Noisy integrate-and-fire equation: continuation after blow-up

TL;DR

This paper develops a method to continue solutions of the integrate-and-fire equation after blow-up using random discharge models and a change of time, revealing the post-blow-up dynamics and blow-up phenomena.

Contribution

It introduces a novel approach combining random discharge models and a time change to extend solutions beyond blow-up in the integrate-and-fire equation.

Findings

Global solutions are recovered in the limit as epsilon approaches zero.

The approach describes the dynamics after blow-up using a singular measure.

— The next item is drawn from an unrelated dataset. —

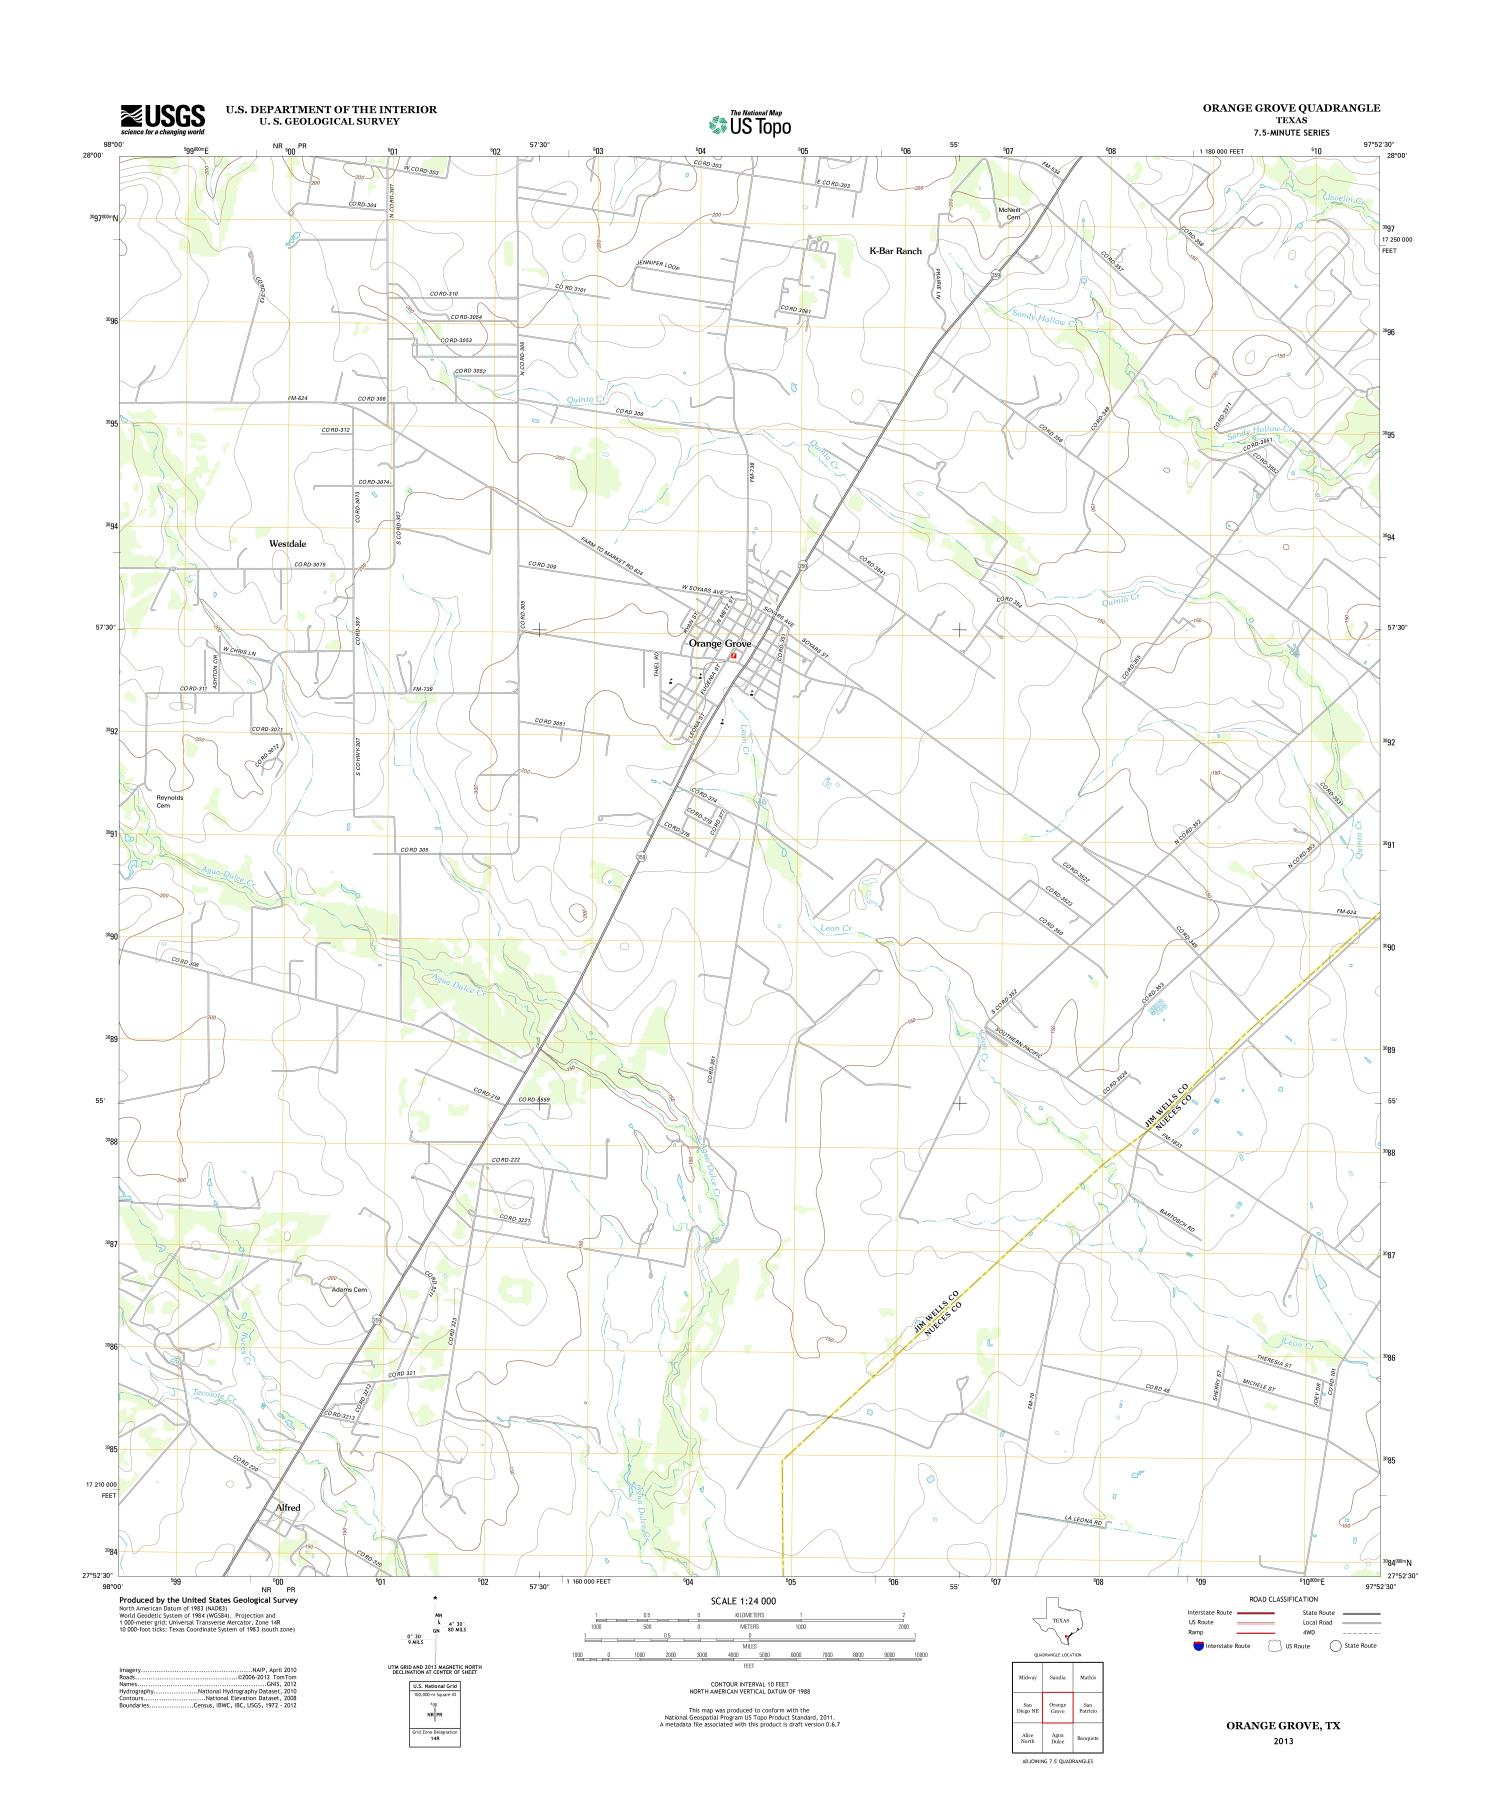 Orange Grove Quadrangle - The Portal to Texas History

New estimates handle nonlinear terms effectively.

Abstract

The integrate and fire equation is a classical model for neural assemblies which can exhibit finite time blow-up. A major open problem is to understand how to continue solutions after blow-up. Here we study an approach based on random discharge models and a change of time which generates a classical global solution to the expense of a strong absorption rate 1/$\epsilon$. We prove that in the limit $\epsilon$ $\rightarrow$ 0 + , a global solution is recovered where the integrate and fire equation is reformulated with a singular measure. This describes the dynamics after blow-up and also gives information on the blow-up phenomena itself.The major difficulty is to handle nonlinear terms. To circumvent it, we establish two new estimates, a kind of equi-integrability of the discharge measure and a L 2 estimate of the density. The use of the new timescale turns out to be fundamental for those estimates.